Best practice digital customer onboarding optimises customer journeys for speed and security, responding to trust and fraud signals and dynamically adjusting between data-centric identity verification and identity document proofing routes, to maximise customer conversion while reducing the risk of fraud.
By taking a multi-layered approach to digital identity, trusted third-party identity data verification can be added to the proofing process; by adding data, a business can establish trust in the longer term existence and credibility of the identity or red flag that no such history or confirmatory data exists.
Consumers are looking for security as well as convenience, however. One in seven consumers reported they have been a victim of fraud in the past year and 85% of consumers we surveyed said they prefer brands with advanced identity verification.
Brands that display a visible commitment to identity security and deploy a robust identity-proofing process can not only protect against criminals but also build reputational credibility in the eyes of genuine customers who feel safer knowing that they are protected from fraud.

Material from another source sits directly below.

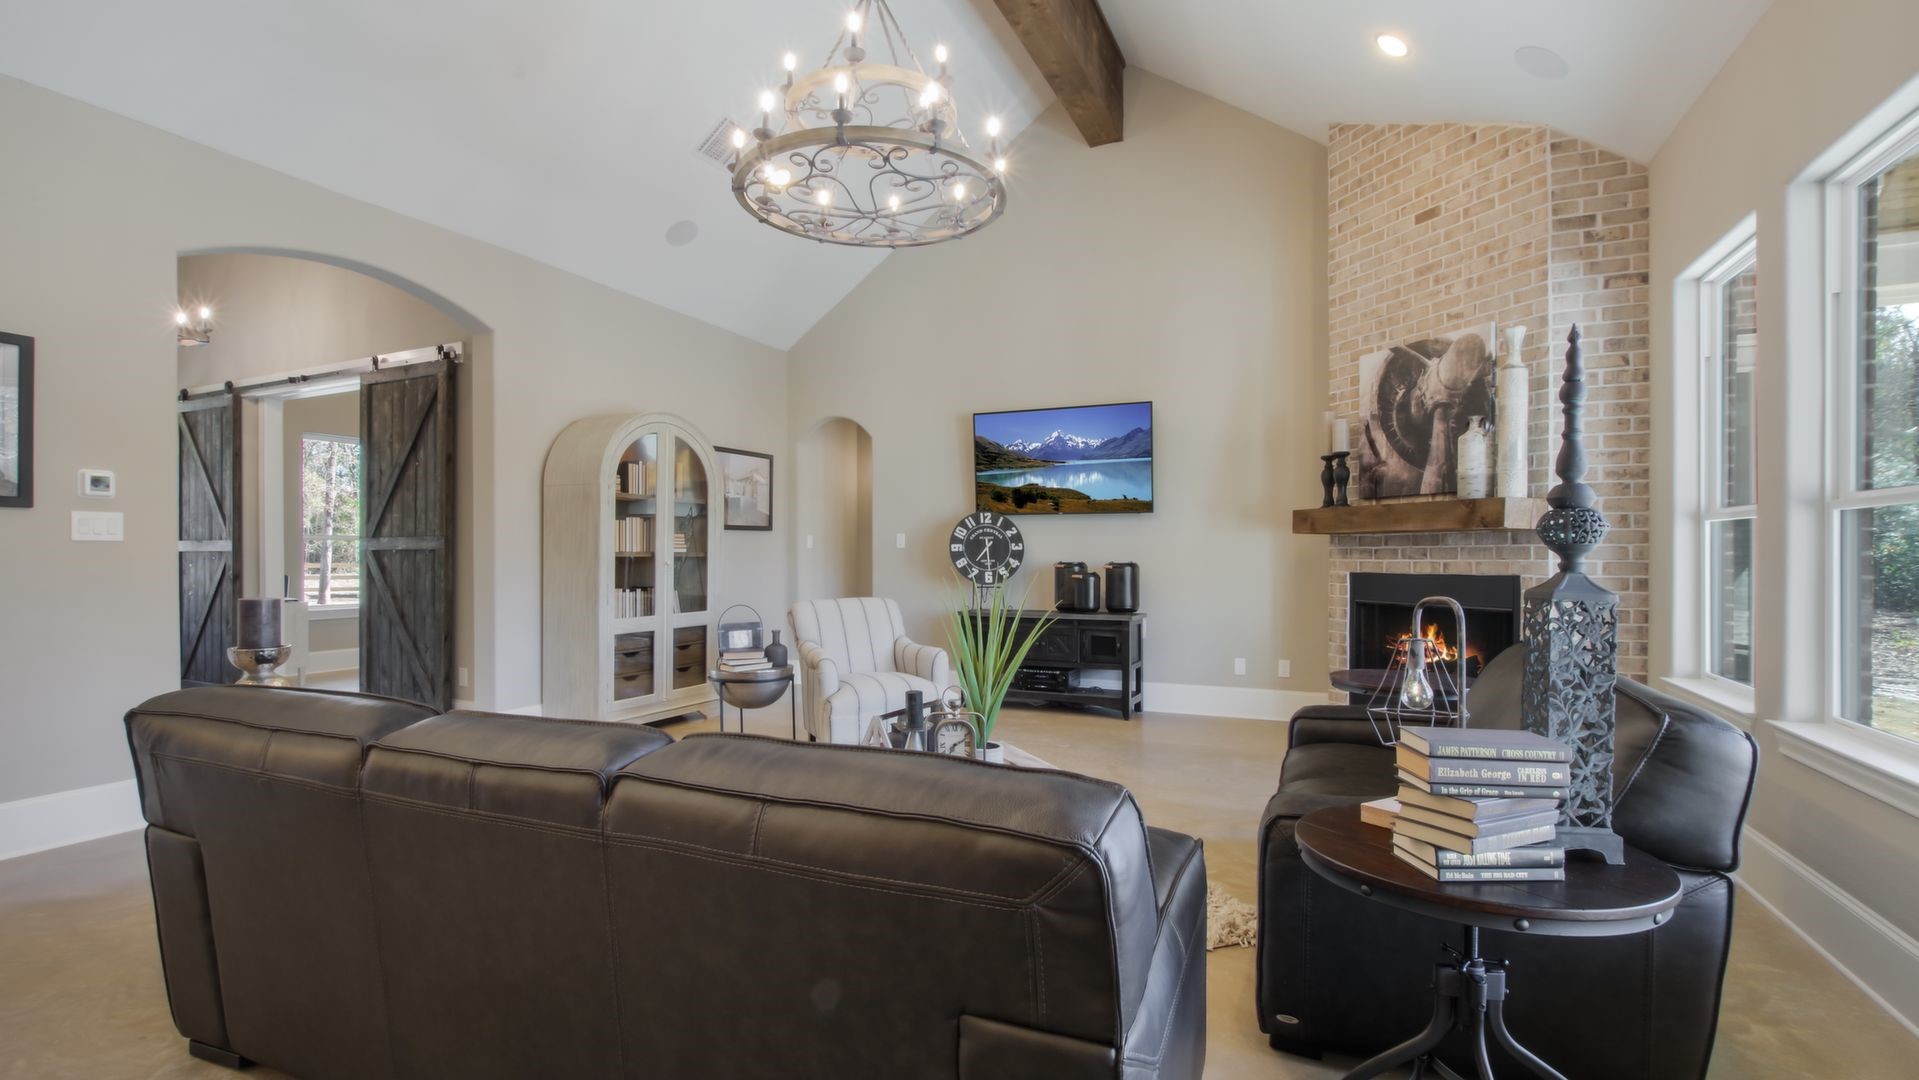 As you enter the residence the custom touches just pop.  Home office/study with brick accent wall is to the left featuring large sliding barn doors.  All open to the living room and view of backyard.

Digital identity verification is the process of proving that an identity is real without ever having to meet someone face-to-face. It helps to provide assurance that a person is who they say they are and that the personal information they have provided isn’t fake or stolen.
Identity proofing is process of affirming to a high degree of assurance that the person presenting themselves online is who they claim to be. It requires official document evidence that the identity being presented exists, that the person claiming the identity is the legitimate owner and that she is genuinely present at the time.
Biometric identity authentication is the process of verifying identity by comparing known and trusted biological characteristics against those presented by someone claiming an identity. These biological characteristics traditionally include facial characteristics, fingerprints, irises, and voice prints.
Identity fraud is the intentional use by one person of another person's personal identifiable information or identity credentials, with or without the express consent of the legitimate holder, to commit a crime or to deceive or defraud another person or organisation.